BEGIN DATA PROVIDED
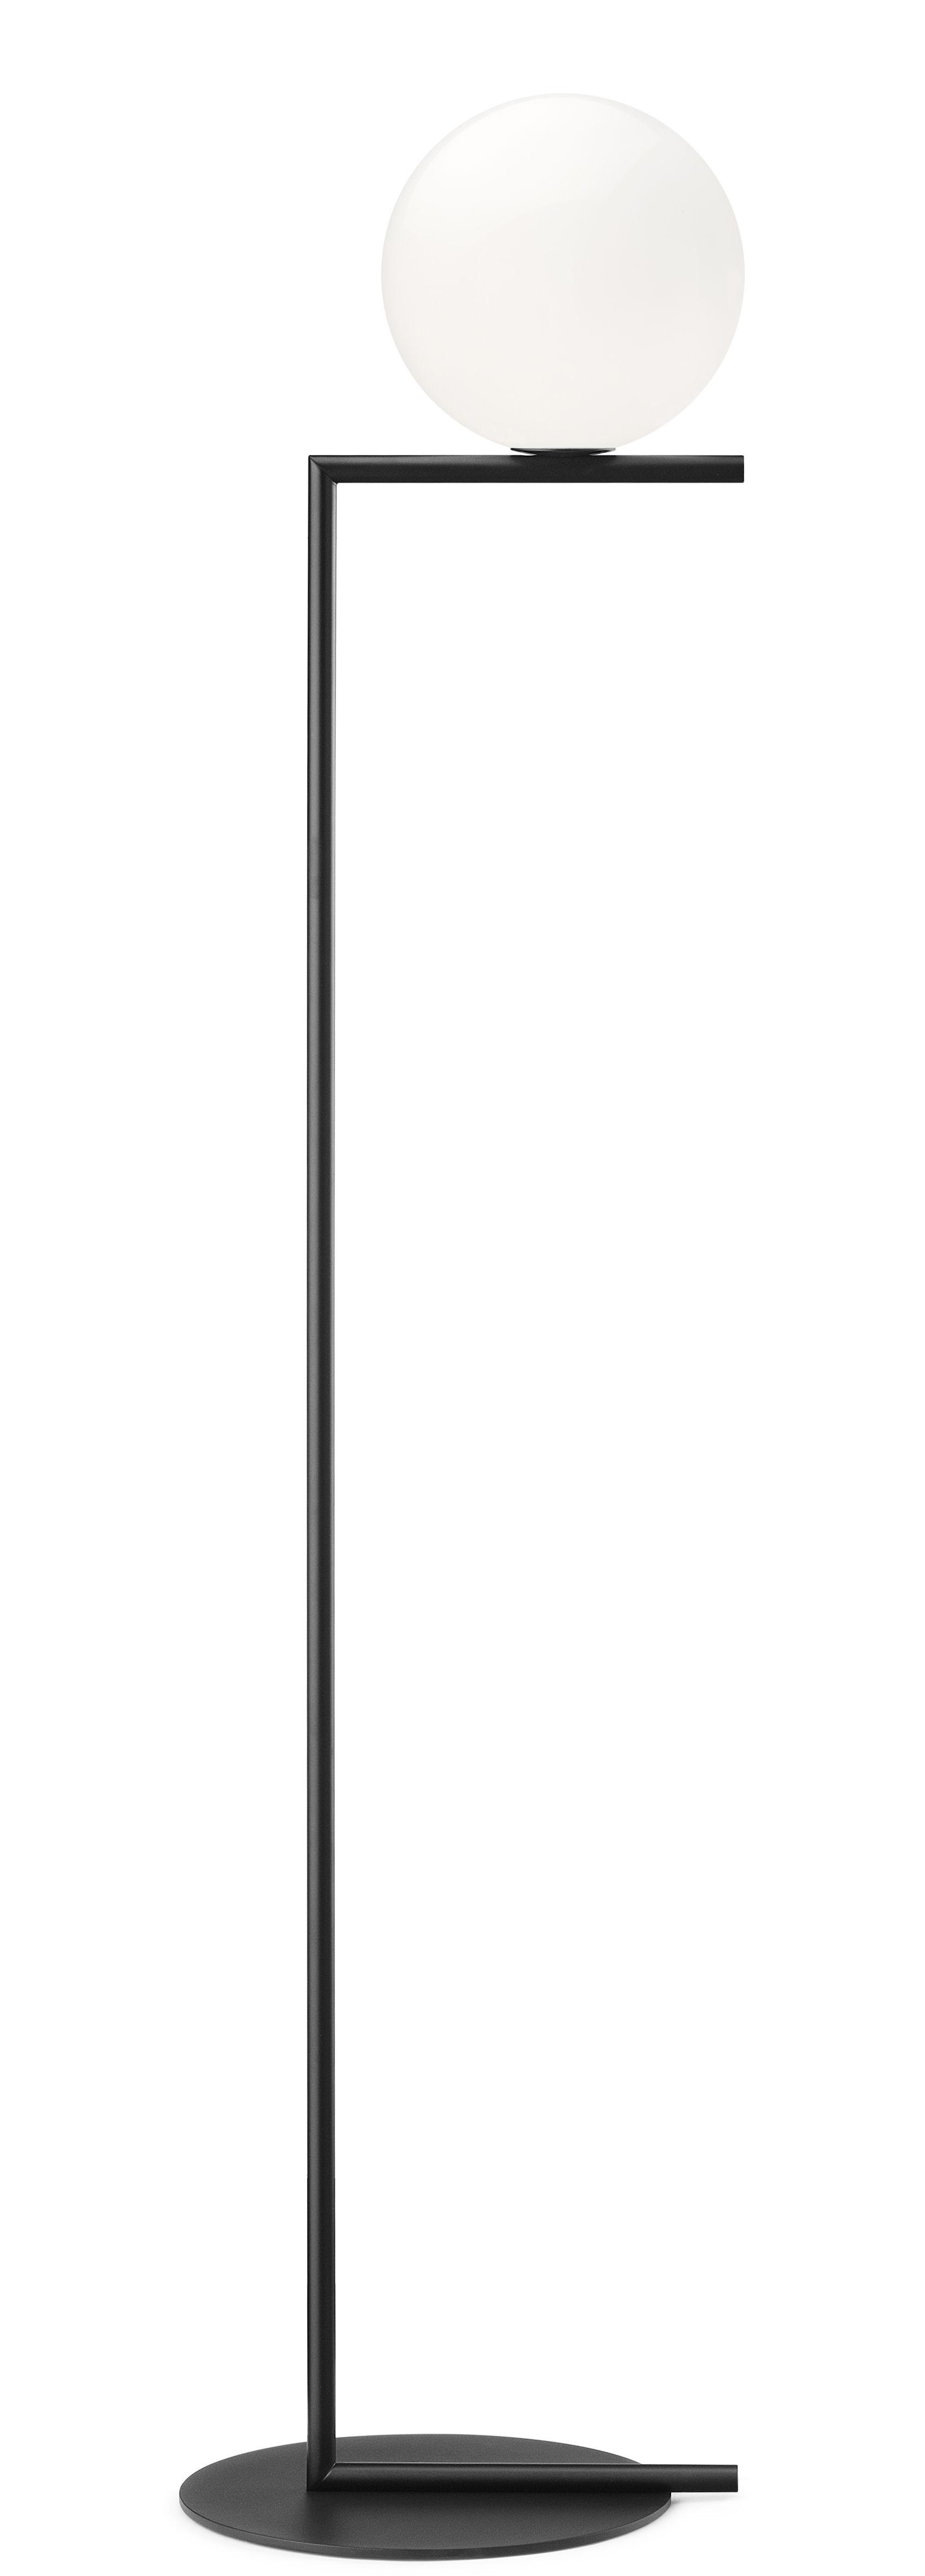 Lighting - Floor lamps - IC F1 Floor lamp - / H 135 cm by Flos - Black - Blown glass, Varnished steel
END DATA PROVIDED
BEGIN DATA PROVIDED
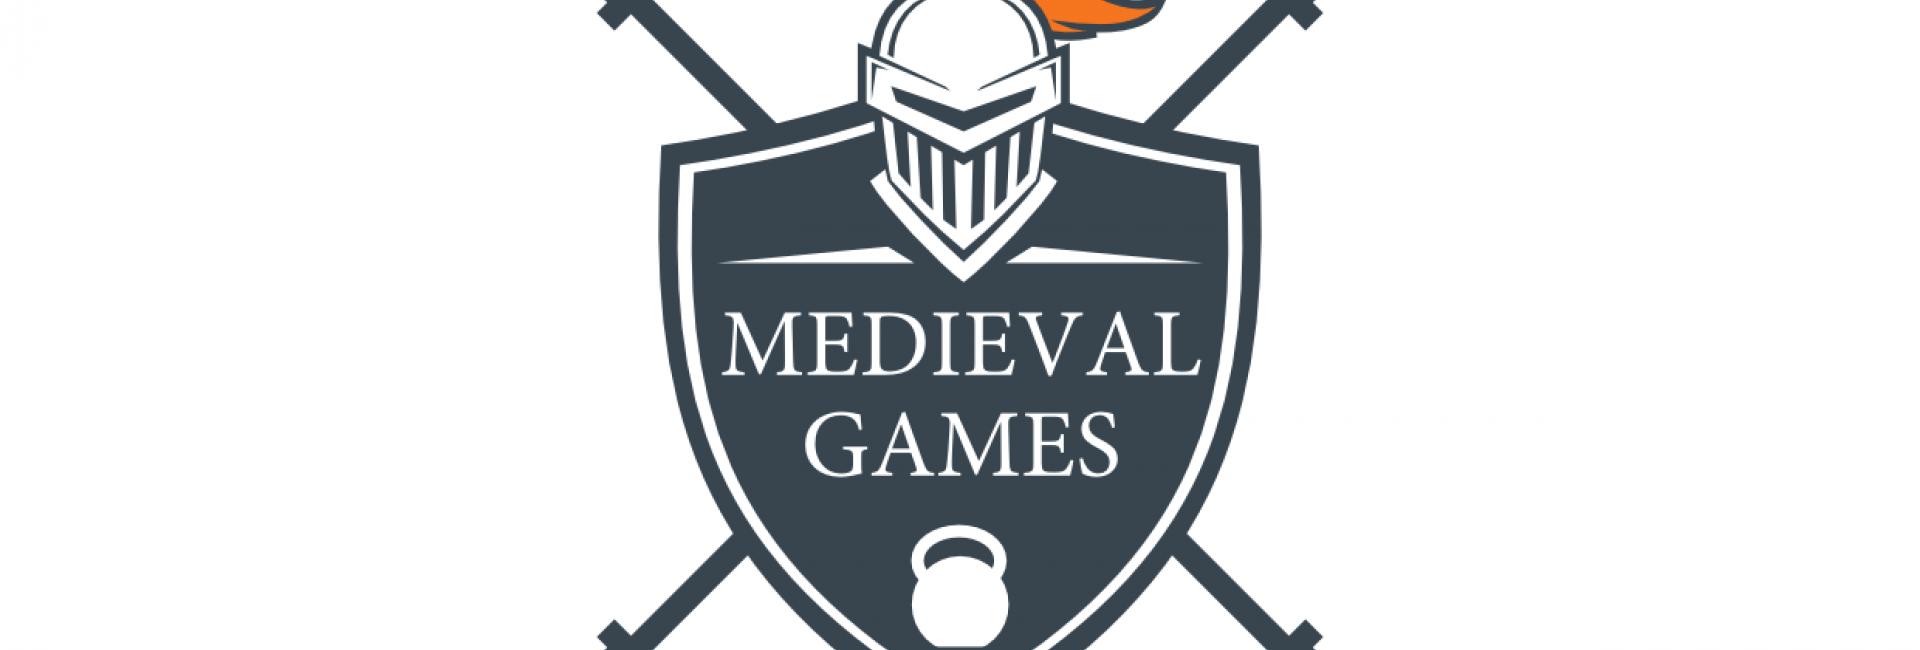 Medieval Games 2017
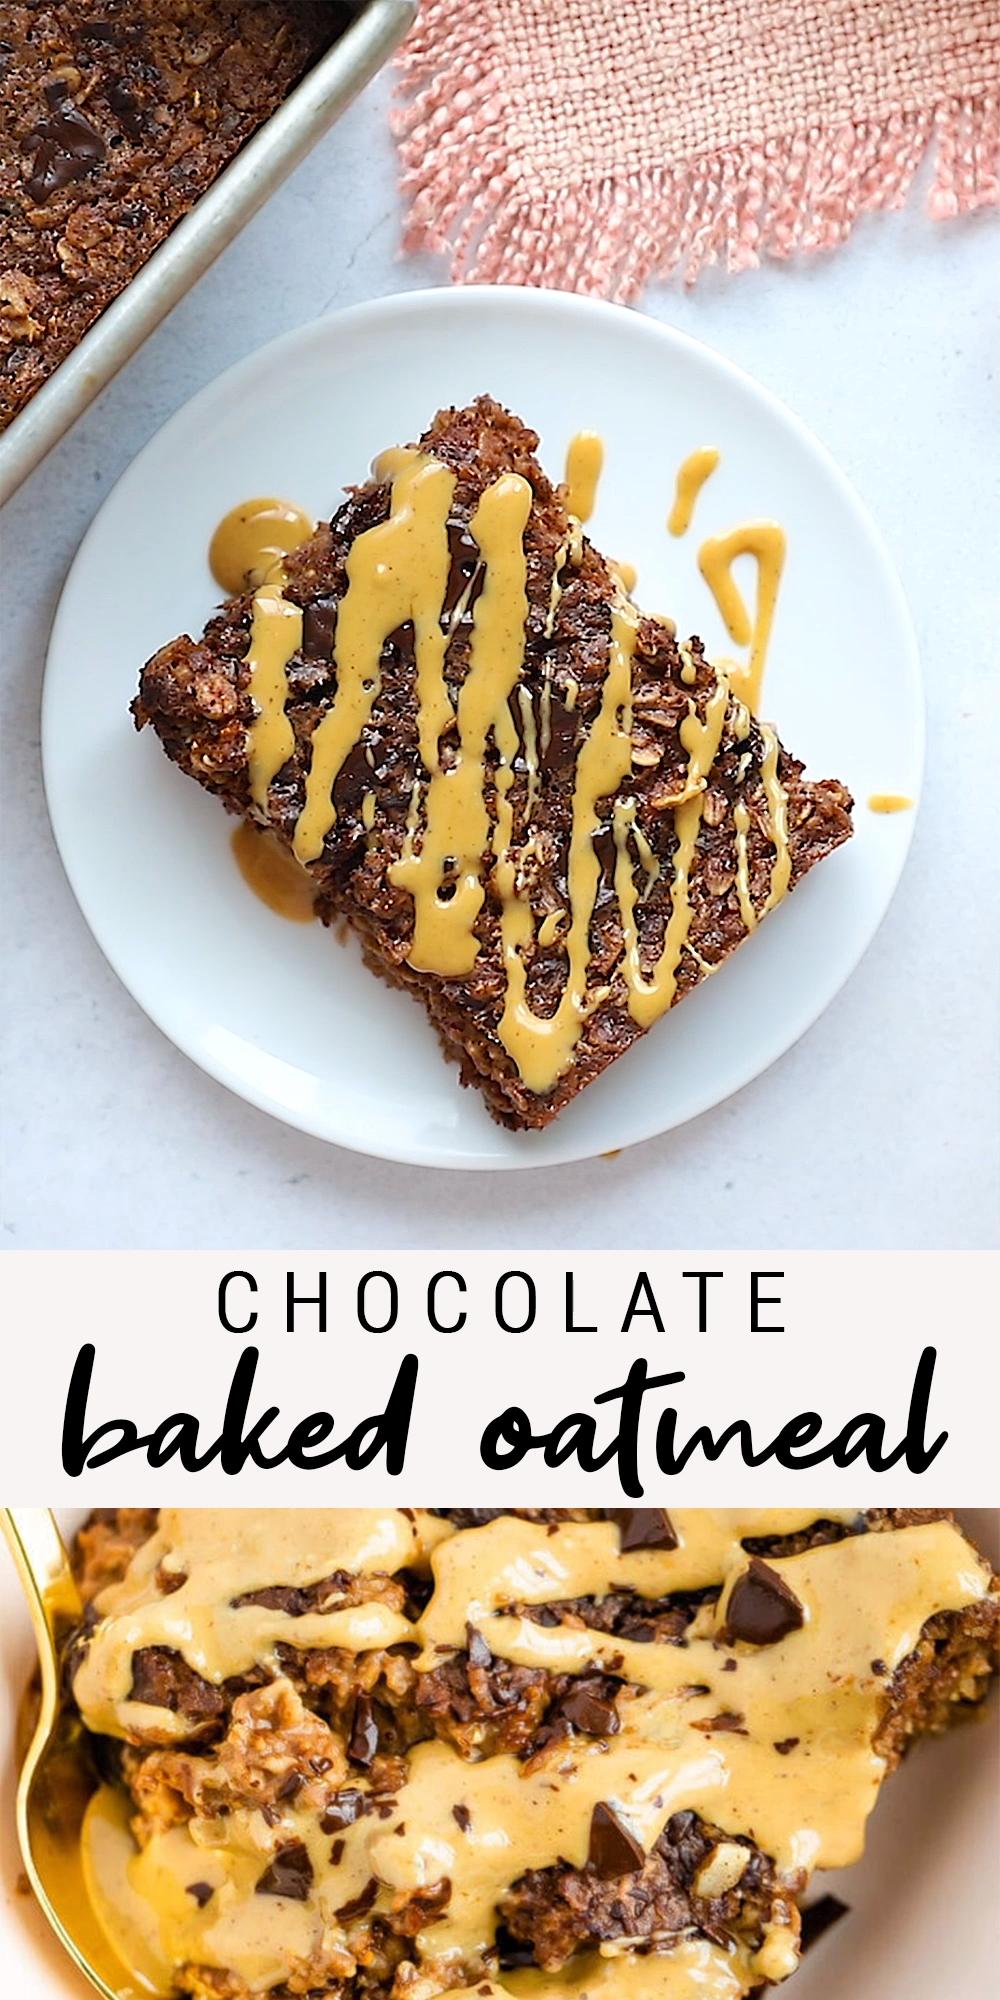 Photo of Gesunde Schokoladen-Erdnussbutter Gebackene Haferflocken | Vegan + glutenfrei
END DATA PROVIDED
▶ _WHAT TO DO_:
Exercise for the records above: copy only the lines from the one with "Medieval Games 2017" to the one with "Photo of Gesunde", both ends kept, and drop the pictures.

▶ _RESPONSE BOX_:
 Medieval Games 2017
 Photo of Gesunde Schokoladen-Erdnussbutter Gebackene Haferflocken | Vegan + glutenfrei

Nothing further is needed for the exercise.